- WORK REQUEST:
Find "راهنمای خرید از" in the material below, then write out that line and every line after it exactly, ending with the last one; skip the pictures.

- MATERIAL PROVIDED:
______________________________

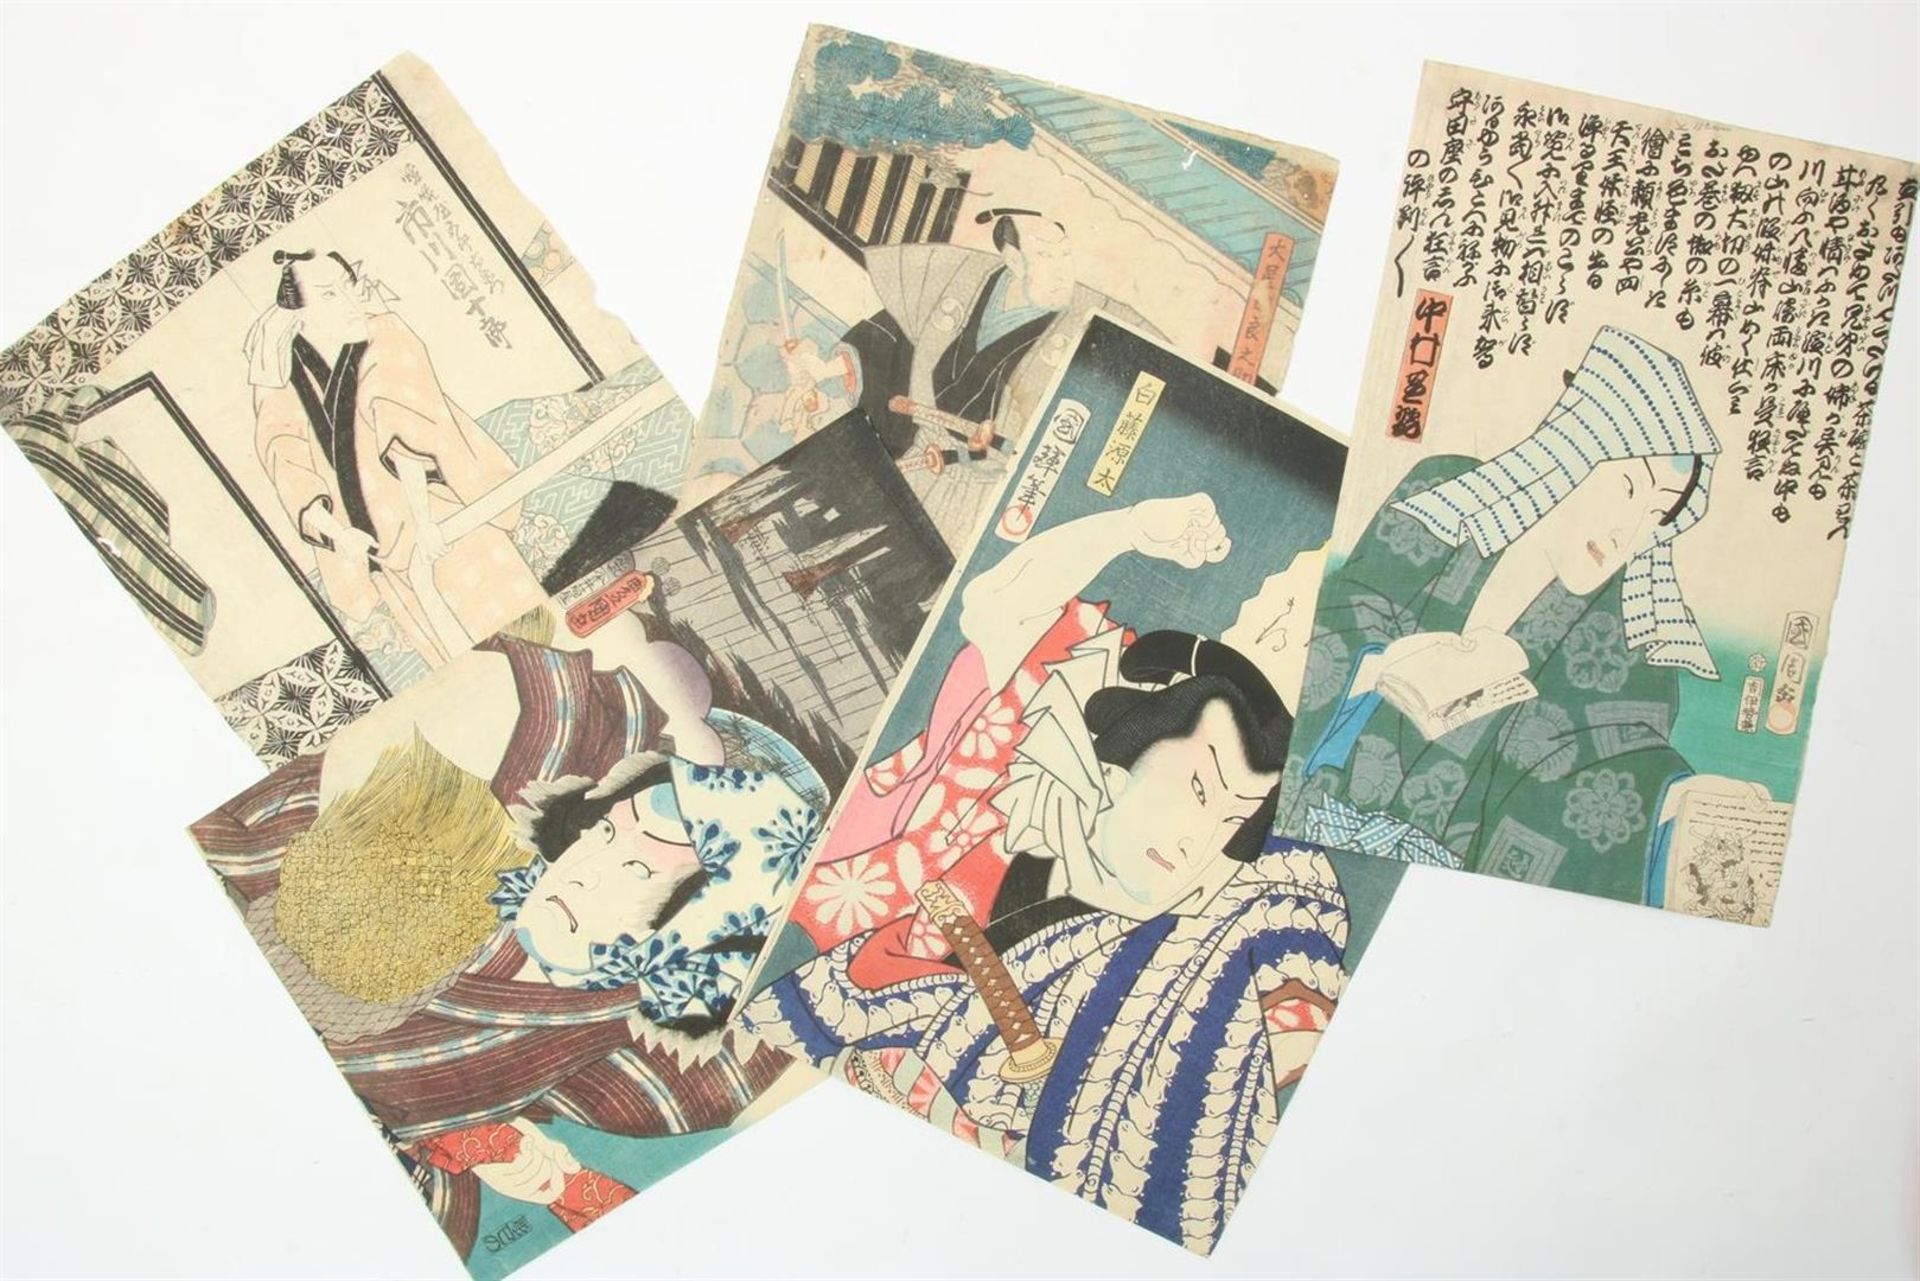 5 woodblock prints depicting Samurai, Japan
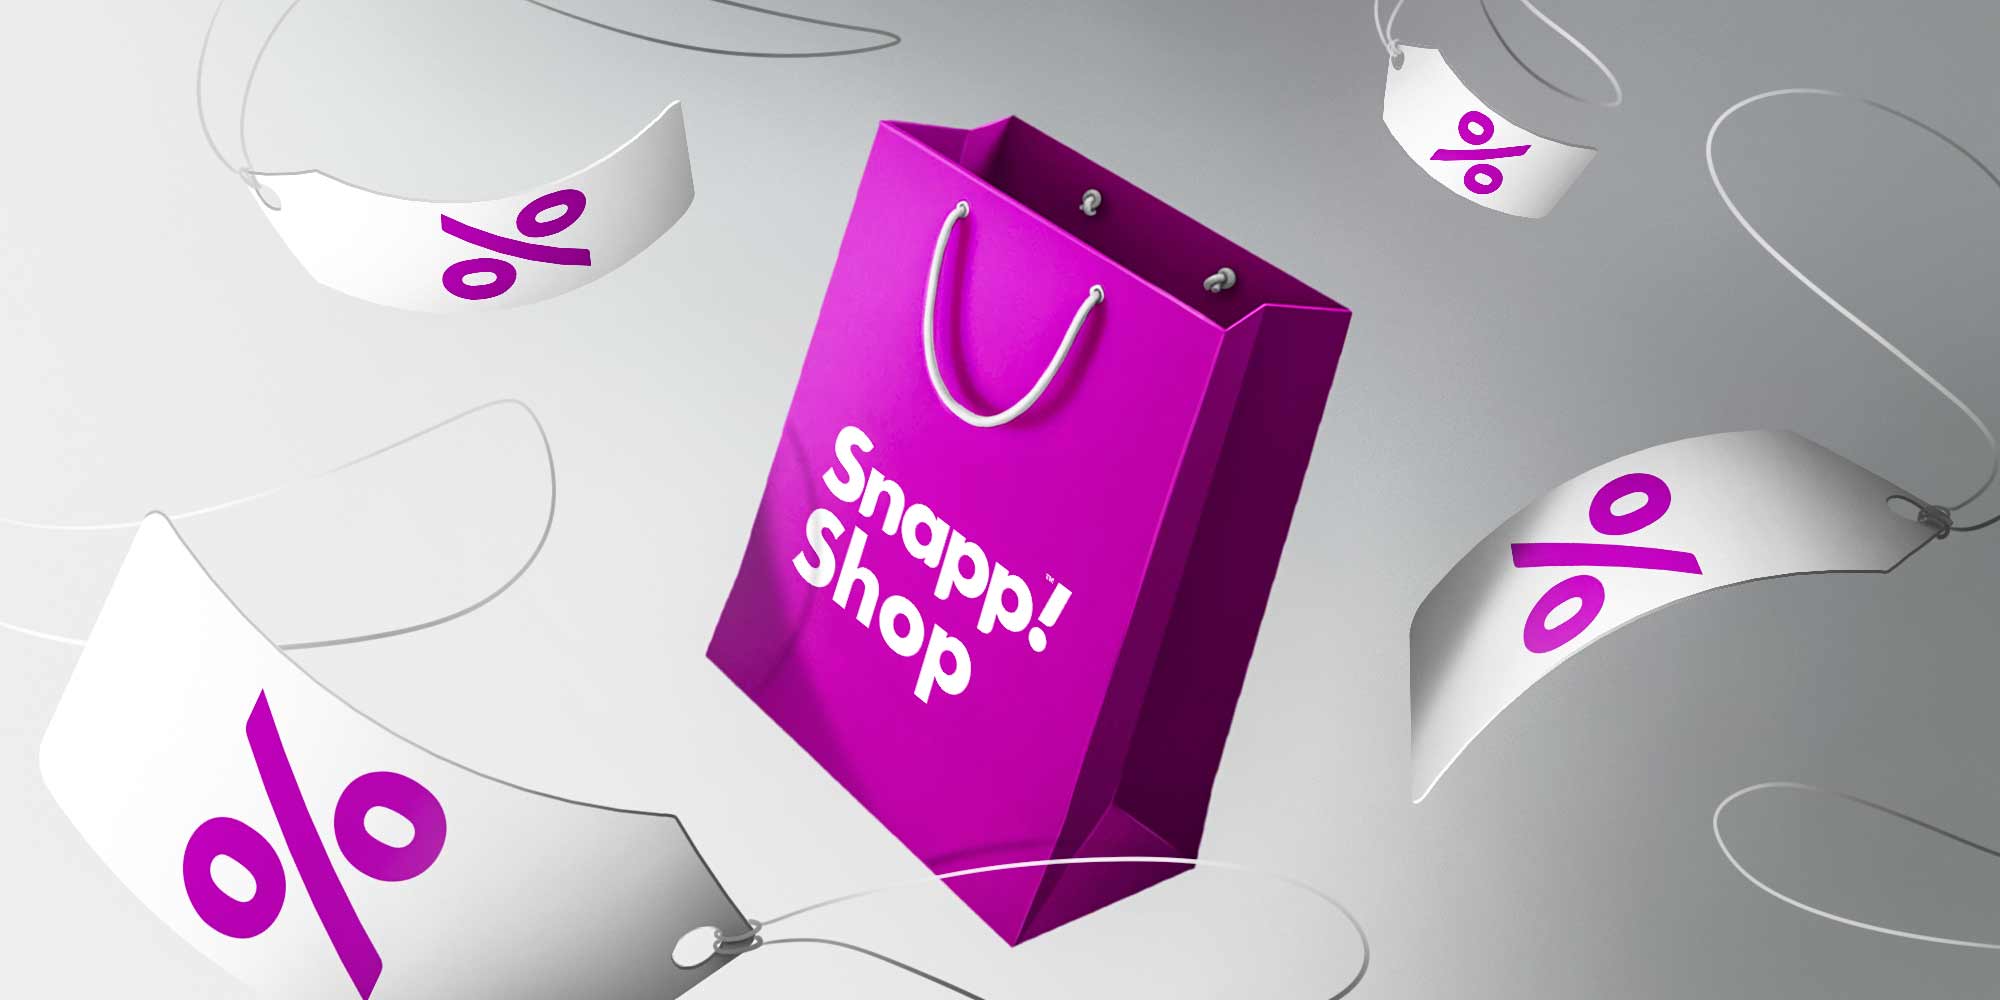 راهنمای خرید از اسنپ شاپ: از محصولات دیجیتال تا لوازم خانگی
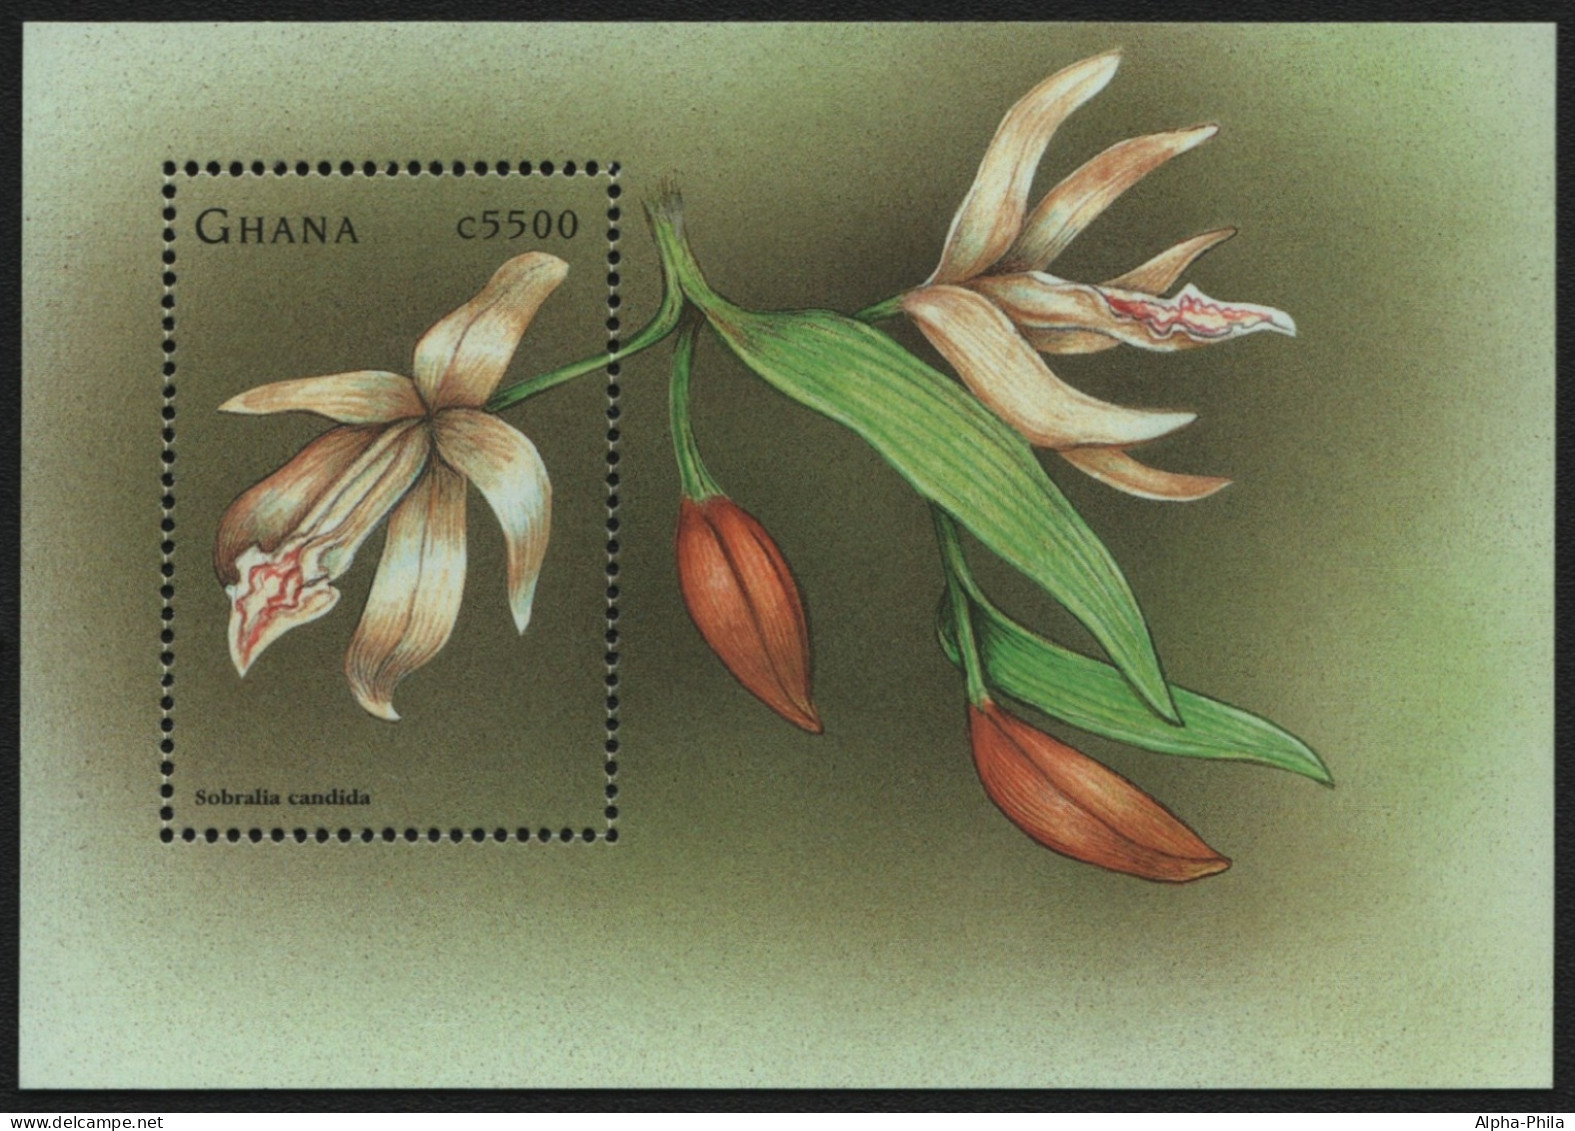 Ghana 1998 - Mi-Nr. Block 353 ** - MNH - Orchideen / Orchids - Ghana (1957-...)

______________________________

- PROBLEM SOLUTION:
 راهنمای خرید از اسنپ شاپ: از محصولات دیجیتال تا لوازم خانگی
 Ghana 1998 - Mi-Nr. Block 353 ** - MNH - Orchideen / Orchids - Ghana (1957-...)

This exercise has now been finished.